__REQUIRED WORK__: Within the entries below, please return exactly the lines from the one with "MAYITR Reclosable 50pcs" through the one with "Solucionado: programar magone", leaving out any pictures.

__RECORD EXTRACTS__:
:::::

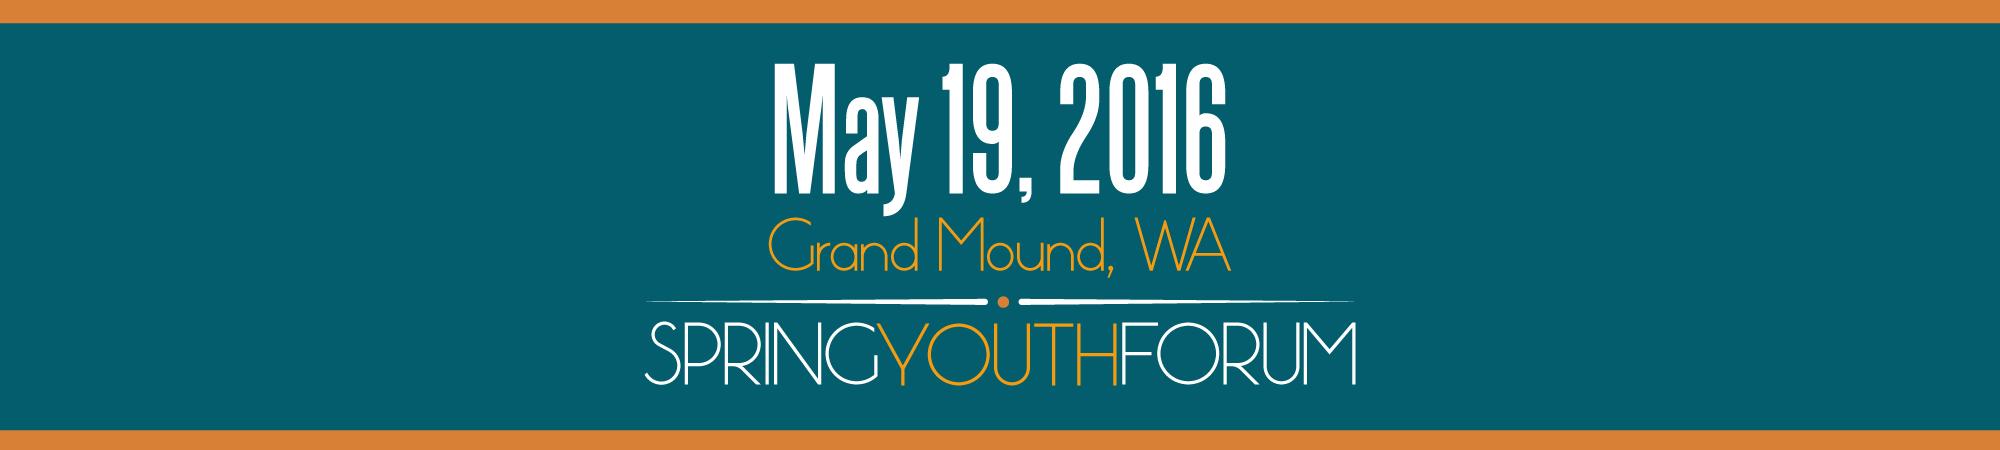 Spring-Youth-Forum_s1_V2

:::::

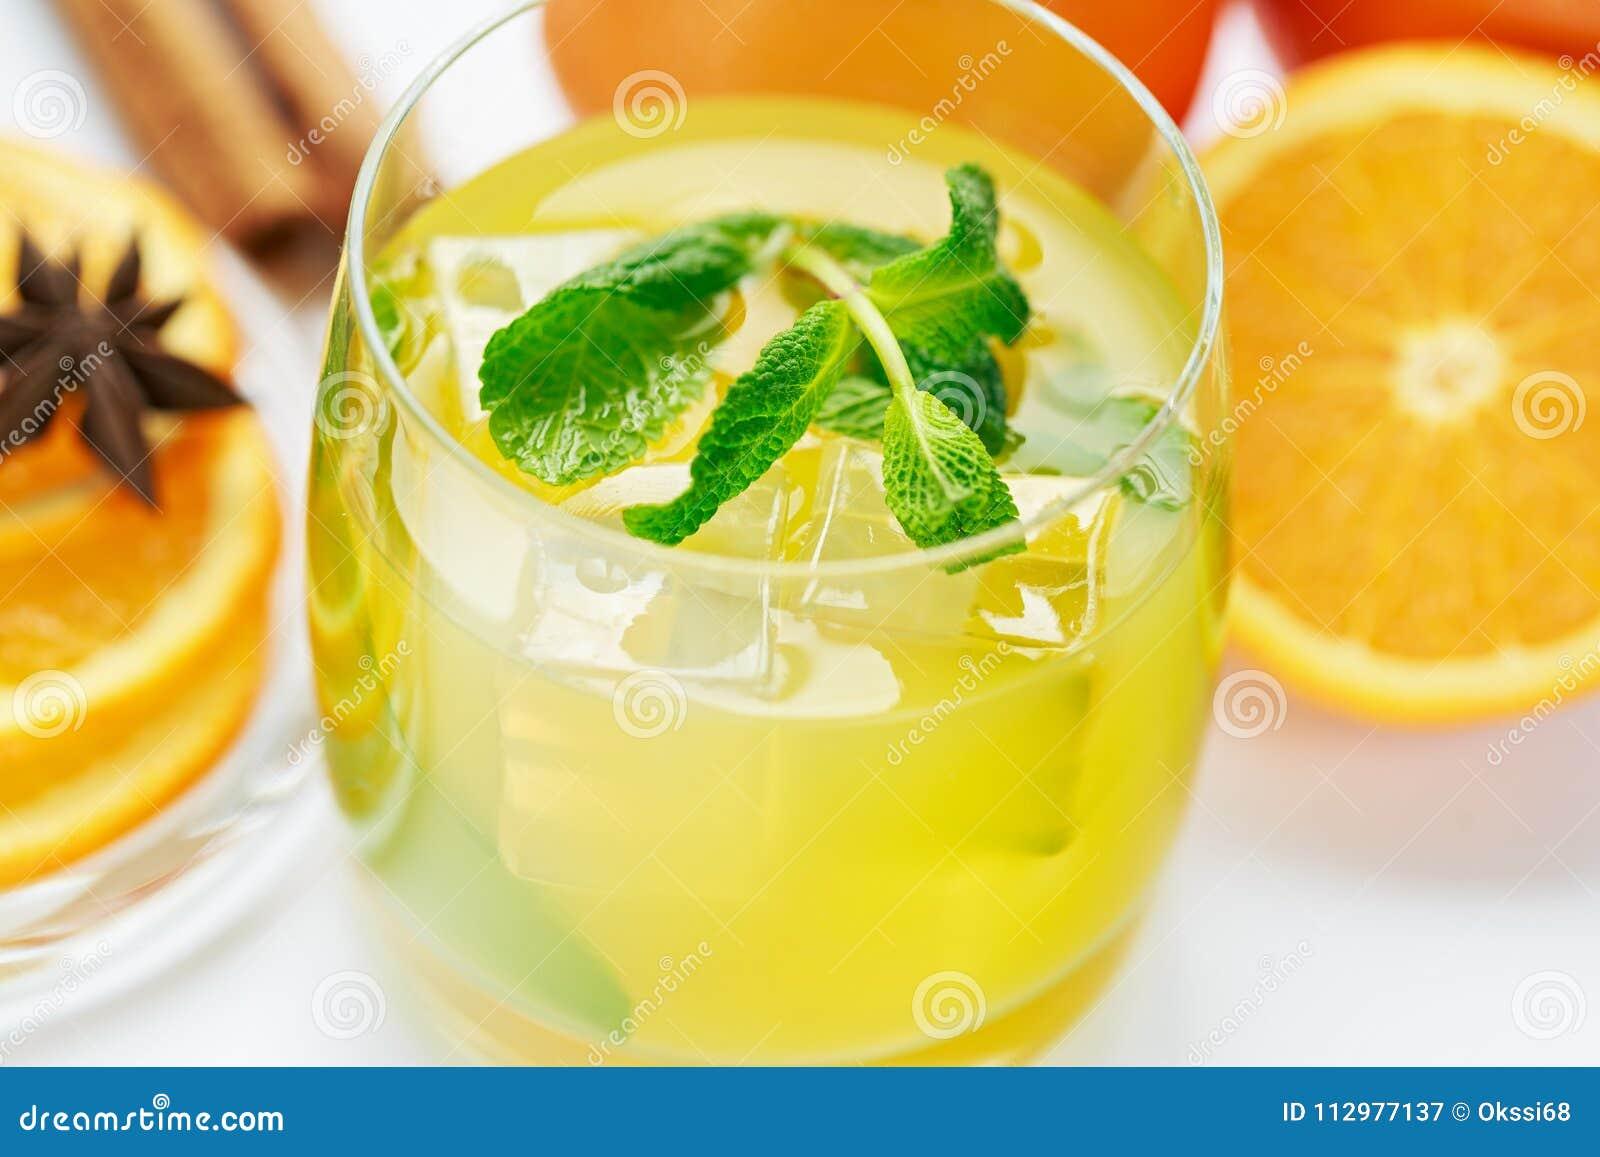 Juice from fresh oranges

:::::

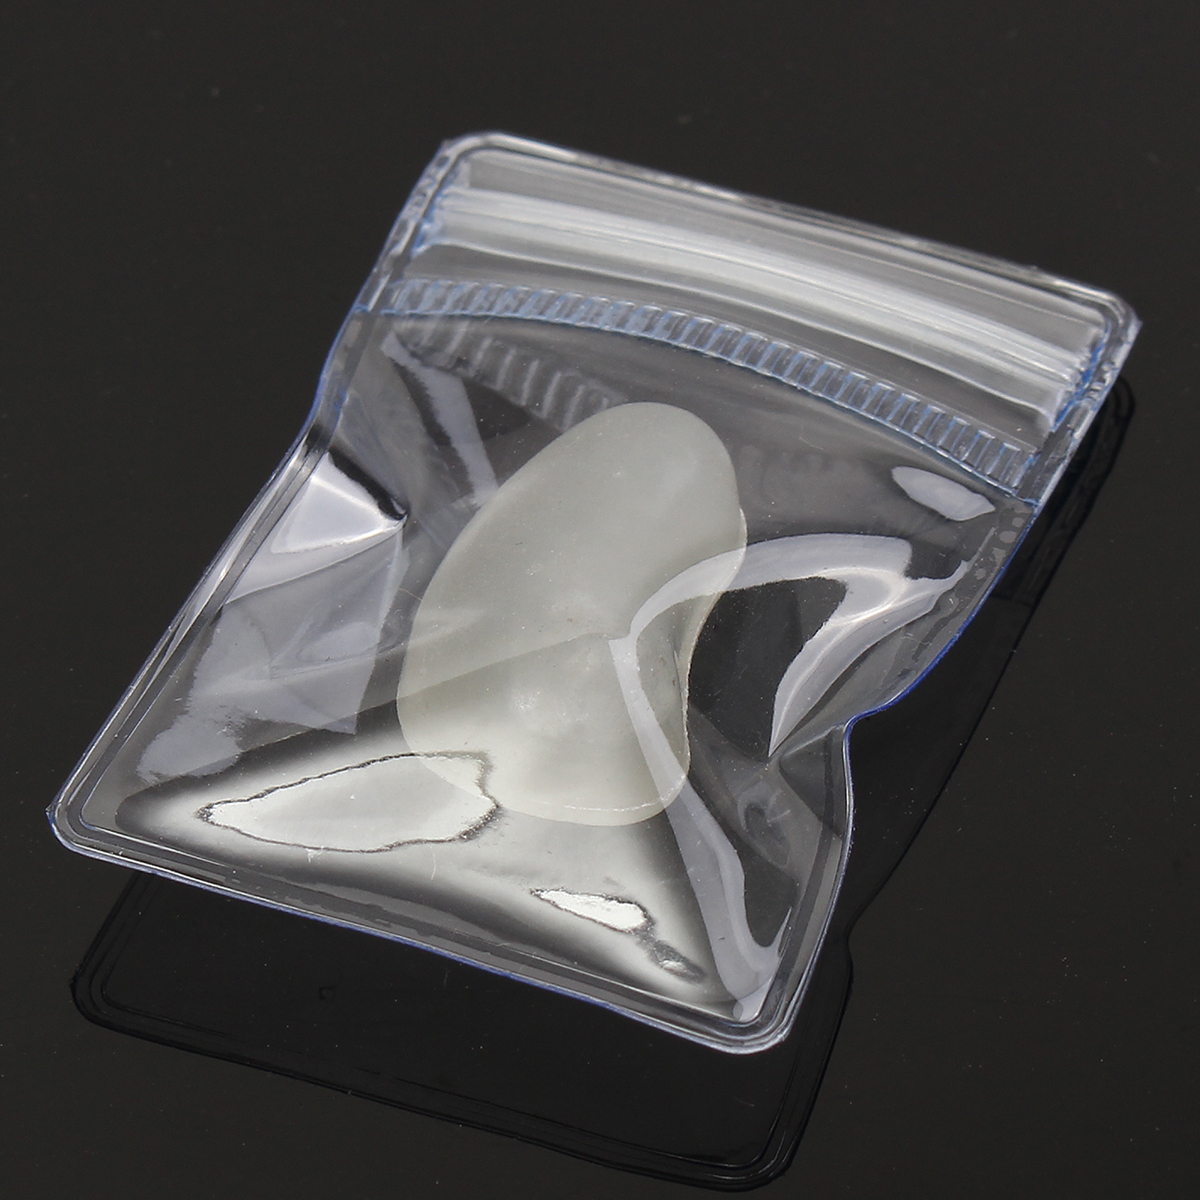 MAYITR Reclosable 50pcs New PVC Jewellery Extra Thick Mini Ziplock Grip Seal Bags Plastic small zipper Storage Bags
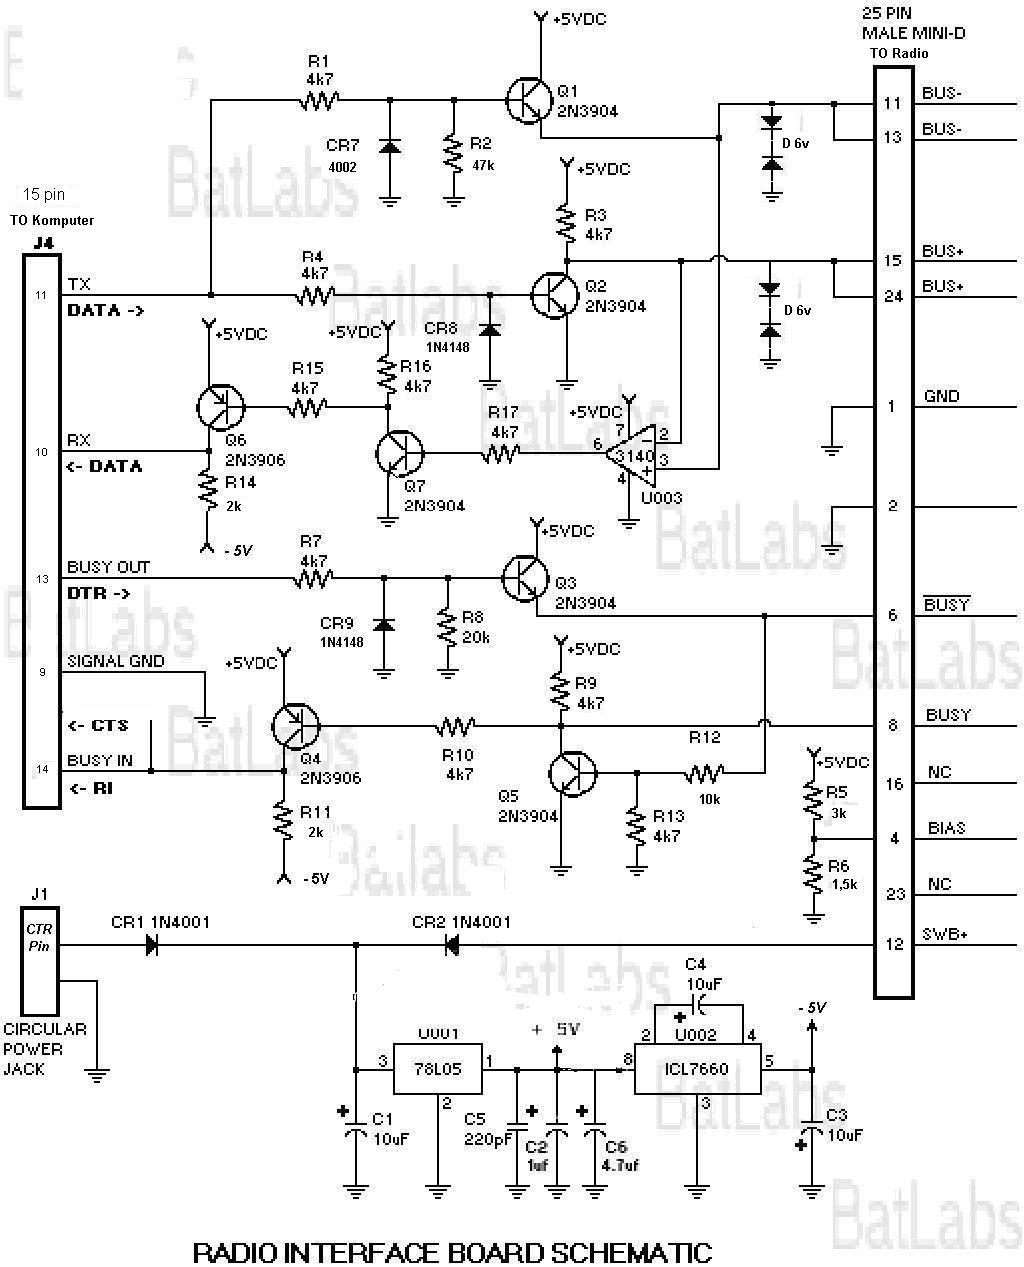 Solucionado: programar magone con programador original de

:::::

__SOLUTION TO THIS EXERCISE__:
 MAYITR Reclosable 50pcs New PVC Jewellery Extra Thick Mini Ziplock Grip Seal Bags Plastic small zipper Storage Bags
 Solucionado: programar magone con programador original de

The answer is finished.